4. Your allergist and GP may order more tests if allergy symptoms persist. You may have a food allergy that is not related to IgE.
Finding solution to your problem often takes time, patience and perseverance. Do not try to take any shortcut by taking tests of dubious quality and unproven alternative therapies.
Many people (especially men) – do not like the idea of visiting a doctor. They often prefer to wait for the symptoms to go away or afraid that they will be diagnosed with serious disease, such as cancer. In most food allergy cases, however, preventing the physician from checking your condition can be dangerous because it would be impossible to get an accurate diagnosis, the longer you delay the treatment, the more likely that there will be an increase in severity and frequency of your disease or disorder.
Allergic reactions start to intensify along with the greater exposure to food allergens. Early diagnosis and effective treatment plan will not only make you feel a lot better, but also keep you from feeling miserable down the road. If someone close to you is experiencing mysterious symptoms, especially a few minutes to several hours after consuming suspected foods or beverages, then there is a possibility of a food allergy.

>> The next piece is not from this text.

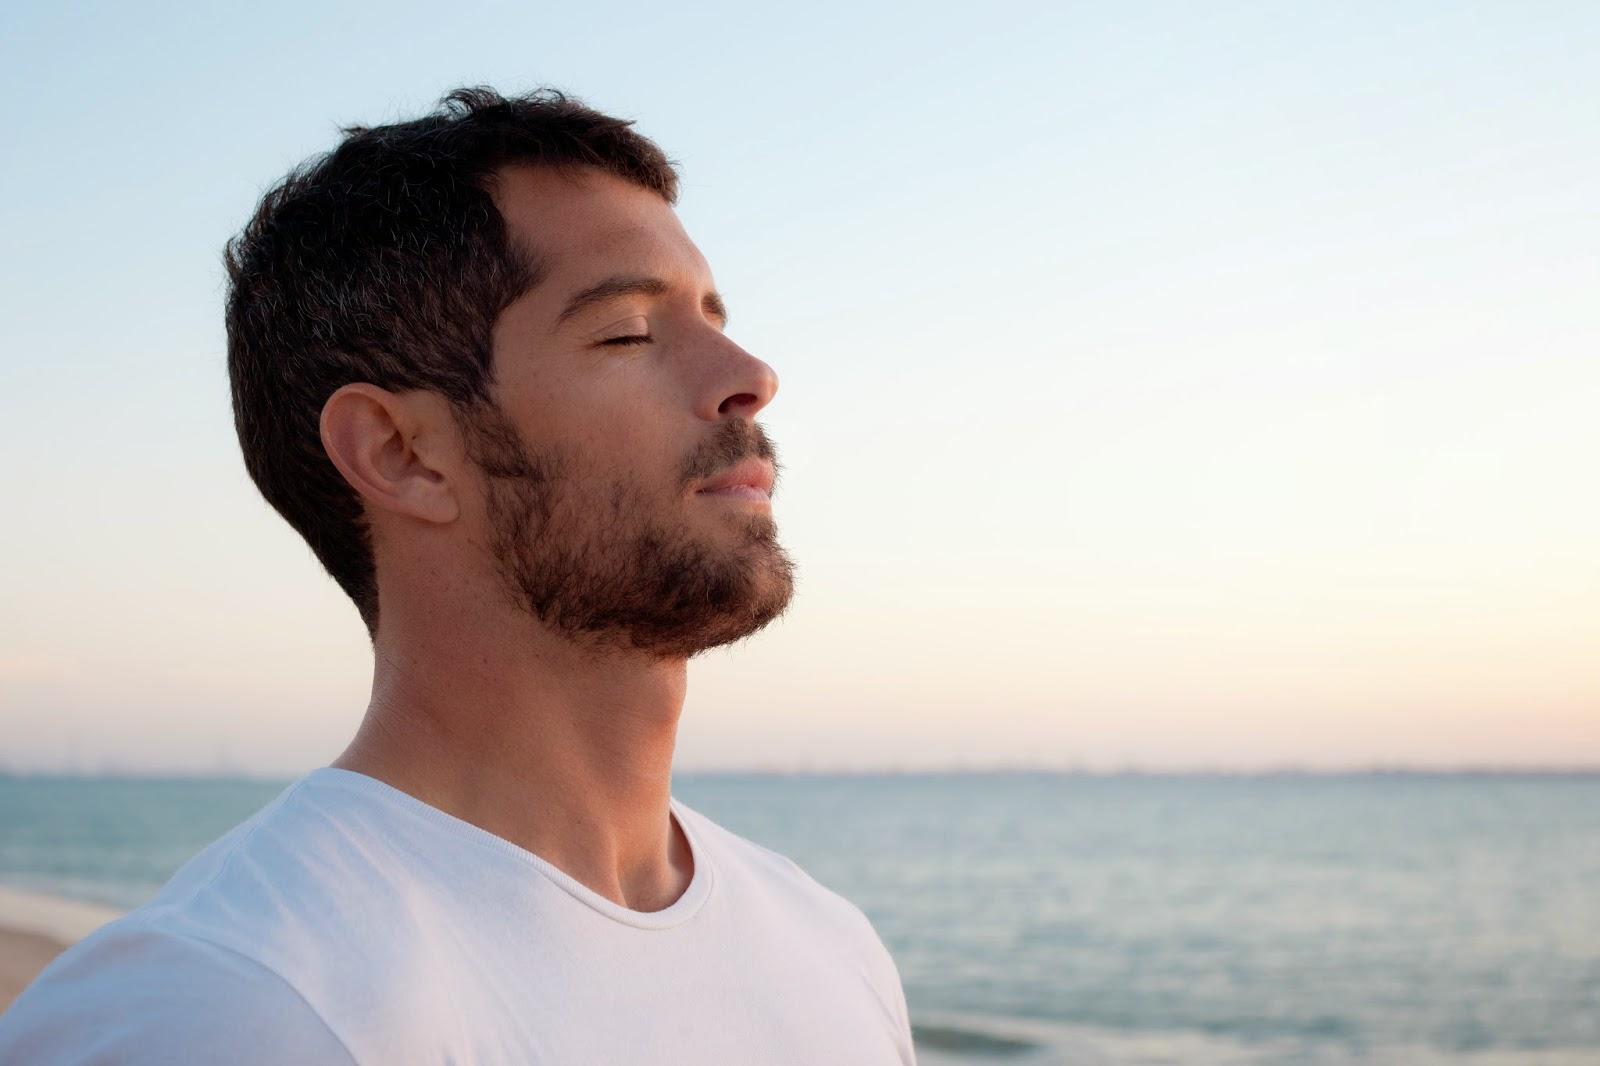 MEESTELE JA MEESTEST! Meeste Elustiilinädal läheneb läheneb tugevamale poolele vaimsest küljest

A self-screening test has three important objectives:
• Help you decide if you should consult your doctor or an allergist (If you have questions after completing an examination, you should see an allergist.)
• Can act as a diary of symptoms and other specific situations that may arise from your diet. A doctor or an allergist can be crucial for getting early and accurate diagnosis.
• Hone your ability in observing and recording food allergy condition, two valuable skills for anyone who has food allergy or caring those who have food allergy.
A self-screening test isn’t for self-diagnosis. Identifying the specific allergens can be difficult, even for an experienced and well trained allergy specialist, and you can be allergic to more than one food. Additionally, other conditions may produce symptoms comparable to allergic reactions. Self-screening test should be used only as a way to help you to understand your own condition and assist health care professional.